How It Works

Our system simplifies the survival prediction process into three straightforward steps, ensuring clarity and accuracy.

Step 1: Input Data

The system accepts various input parameters, including patient demographics, medical history, and current health status. This data is crucial for generating accurate survival predictions.

Step 2: AI Processing

Our advanced AI algorithms analyze the provided data, identifying complex patterns and correlations that are invisible to the human eye to build a highly accurate predictive model.

Step 3: Prediction

Based on the analysis, the system generates a clear and concise survival prediction, presented with confidence scores and explainable insights to aid in decision-making.

Project Context

This application is developed in collaboration with Dr. Wonsuk Yoo, Research Associate Professor at the School of Nursing and Health Studies, as part of his ongoing research on survival prediction in oncology.
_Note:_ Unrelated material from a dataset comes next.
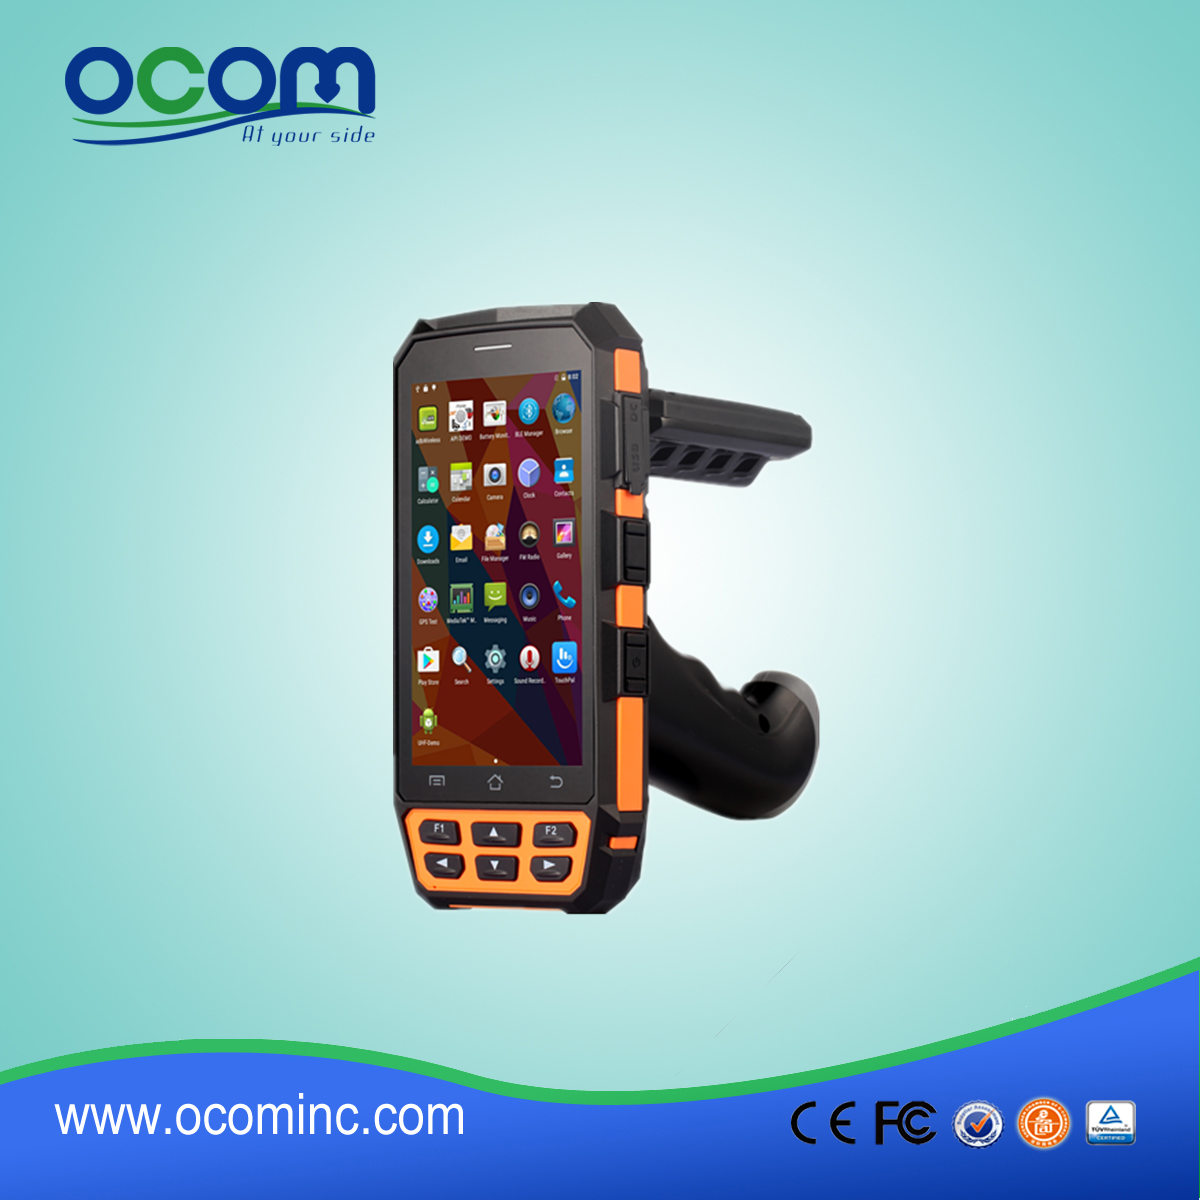 ОКБС-D5000 промышленный ип65 карманный КПК с ОС Android

Leveraging retrospective randomized controlled trial (RCT) single-arm datasets, the system implements advanced artificial neural network (ANN) architectures to predict median progression-free survival (mPFS) and six-month progression-free survival (PFS6).

By integrating multi-task learning, calibrated outputs, and robust validation strategies, the platform provides a research-grade predictive environment that aligns computational modeling with clinical data. This work reflects a translational effort to bridge statistical evidence from prior trials with modern machine learning, supporting more rigorous prognostic assessment and decision-making in cancer research.